> _EXERCISE GOAL_:
Without the images, print every line of the material below exactly as given.

> _DATASET EXCERPT_:
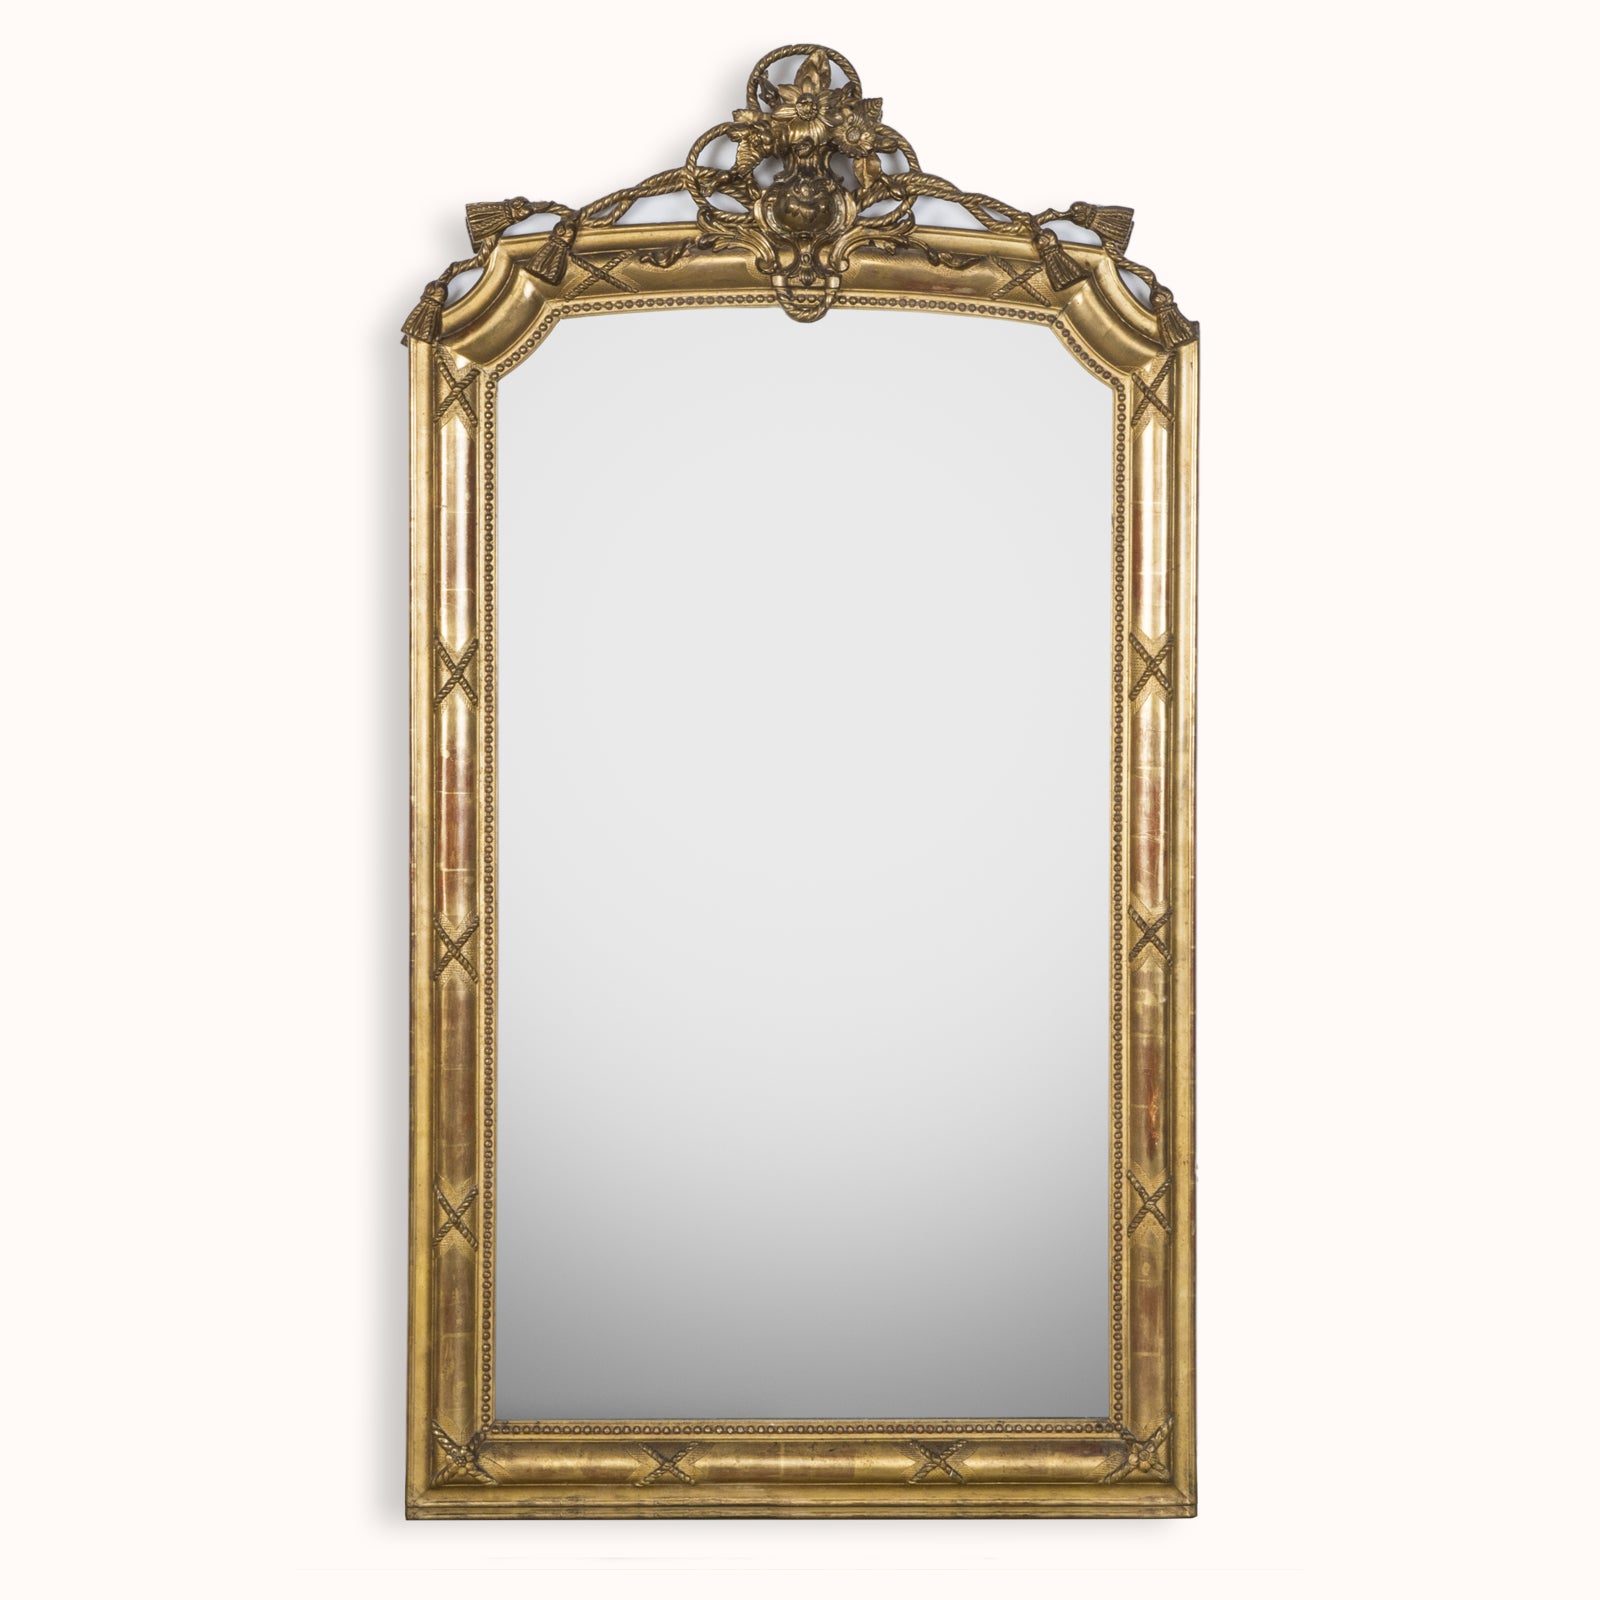 Neo-Classical Style Giltwood Rope and Tassel Motif Mirror
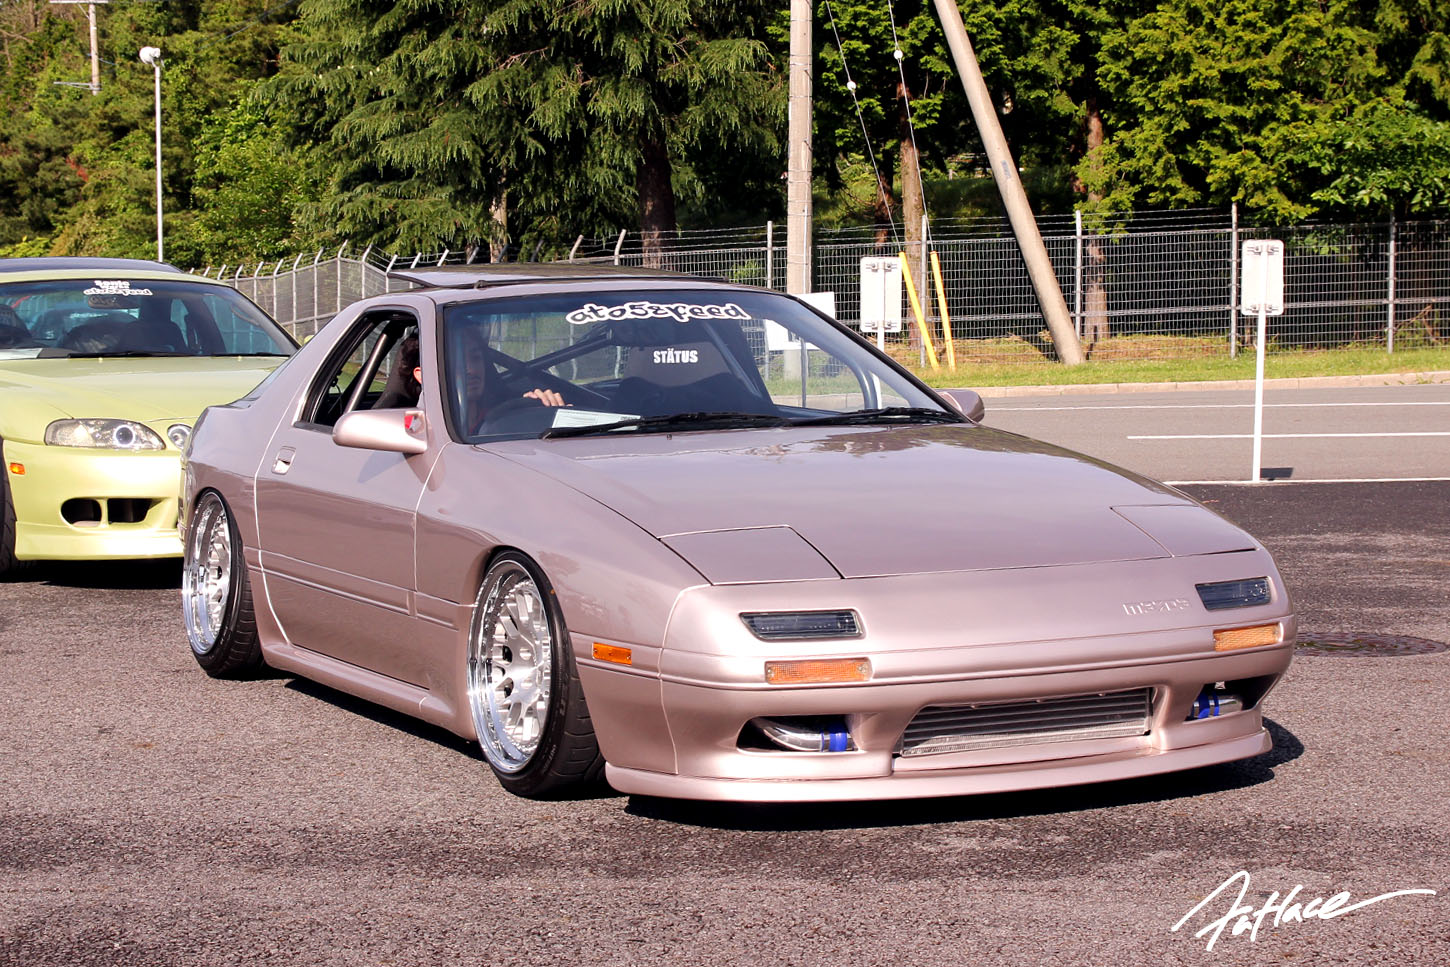 This defines a perfect, clean RX-7 FC. 
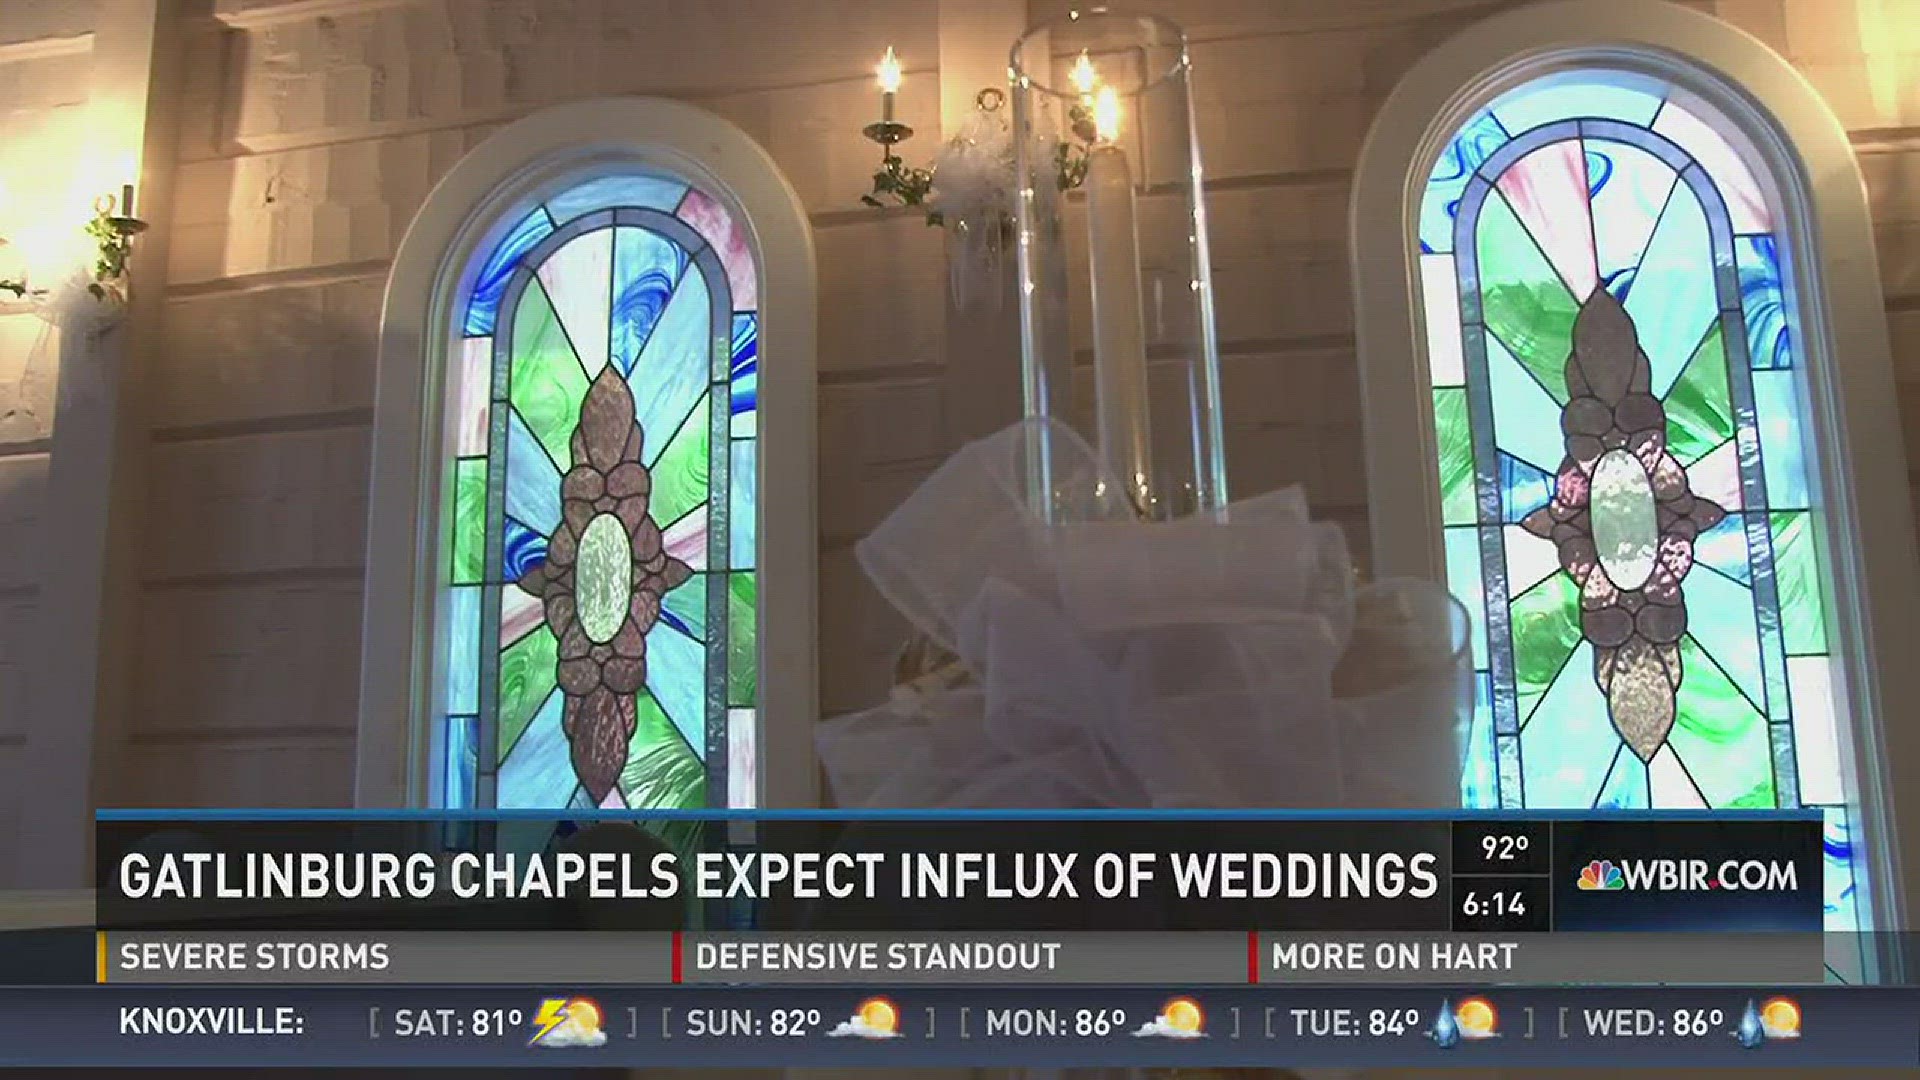 Gatlinburg and the Smoky Mountains are already popular wedding destinations. The Supreme Court ruling could have a big impact on East Tennessee chapels.
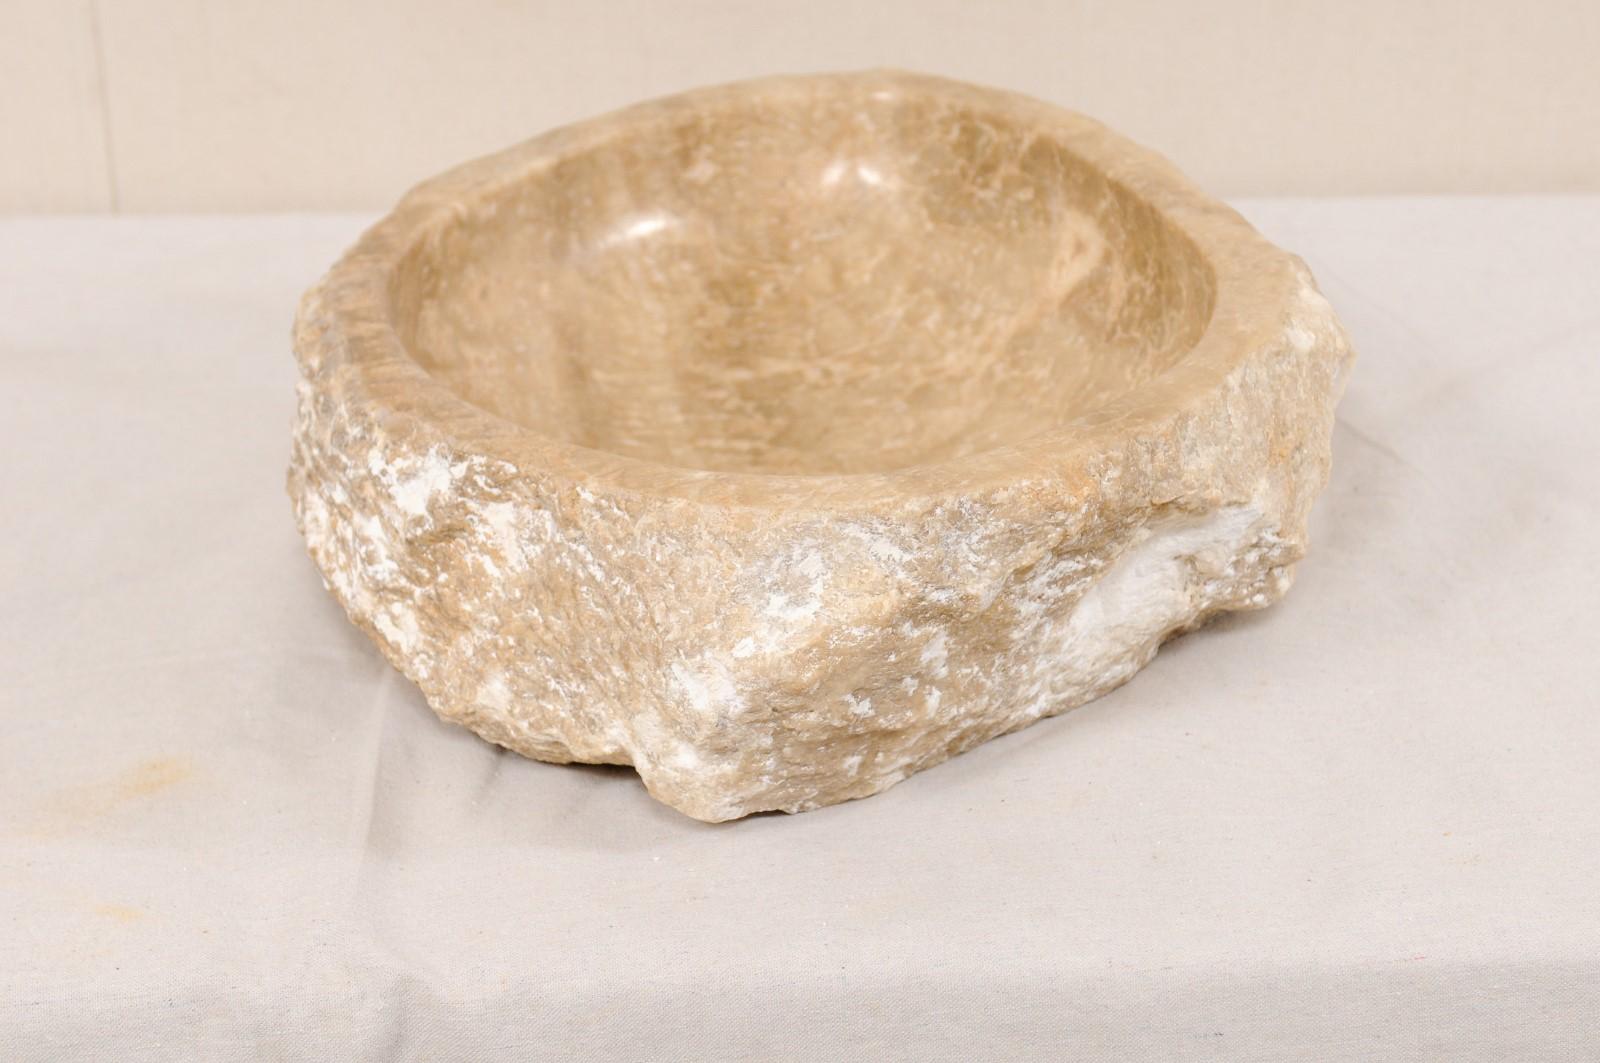 Carved Beautiful Polished Onyx Rock Sink Basin in Neutral Cream and Brown Hues

> _EXPECTED OUTPUT_:
 Neo-Classical Style Giltwood Rope and Tassel Motif Mirror
 This defines a perfect, clean RX-7 FC. 
 Gatlinburg and the Smoky Mountains are already popular wedding destinations. The Supreme Court ruling could have a big impact on East Tennessee chapels.
 Carved Beautiful Polished Onyx Rock Sink Basin in Neutral Cream and Brown Hues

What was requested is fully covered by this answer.